Özel mülkiyetin varlığının hukuka esas olduğu yaklaşımının daha makbul olduğunu söylemekte yarar var. Nitekim, hukukun temel kavramının özel mülkiyet olduğunu ifade ettiğimizde, özel mülkiyet aracılığıyla, üretken güçlerin gelişiminin hukuku varlaştırmasını da açıklamak mümkün olur. Öte yandan meta mübadelesinin de bir malı kullanma, ondan yararlanma ve onu devretme hakkı ile yani özel mülkiyet ile zeminini bulan bir mekanizma olduğunu söylemenin hukuki bir engeli yoktur. Bu nedenle, üretken güçlerin gelişimiyle açıklanan mülkiyetin, hukukun esas kavramı olduğunu düşünmek hatalı değildir.

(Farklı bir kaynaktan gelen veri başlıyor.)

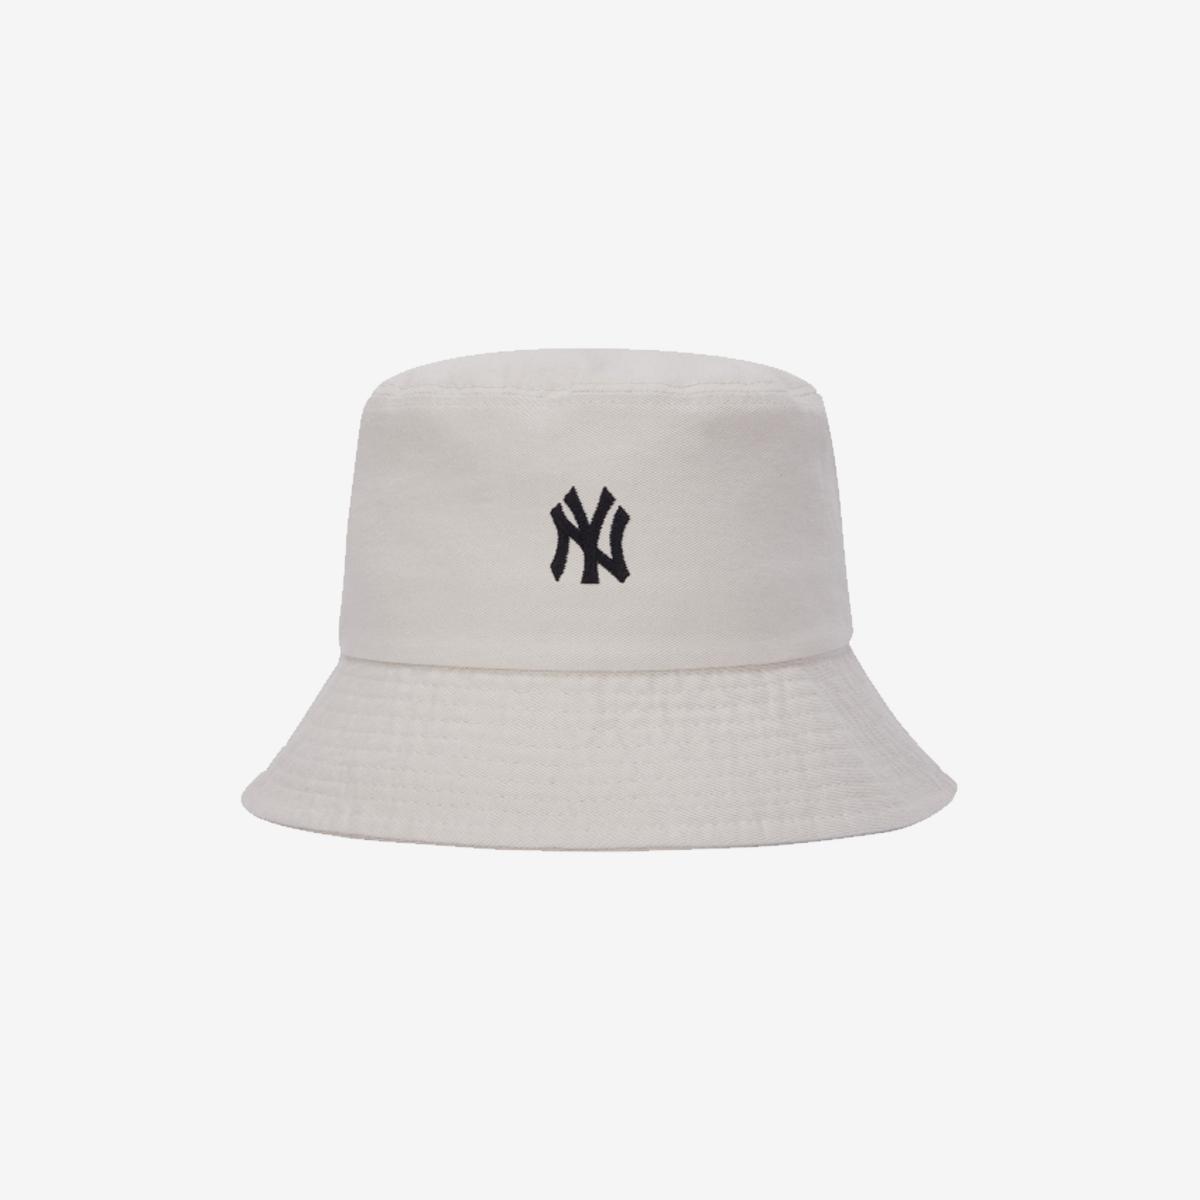 Rookie紐約洋基隊漁夫帽

Hukukun niteliği onu tanımamız konusunda bize yardımcı olur. Hukuk hangi özellikleri haizdir sorusu çoğu teorisyenin vardığı farklı noktaları göstermesi açısından da ilgi çekicidir. Bu konuda Kelle-Kovalson hukukun özel mülkiyet ilişkilerini saptama ve bu mülkiyete yönelen saldırıları devletin yasalarını bozma olarak niteleme vasıflarını gündeme alır: Saptayıcı ve niteleyici hukuk. Bu bakış açısı özel mülkiyet ilişkilerinin kesin biçimde belirgin kılınmasını ve suçların düzenlenmesini hukuka borçlu olduğumuz sonucunu ortaya çıkarır.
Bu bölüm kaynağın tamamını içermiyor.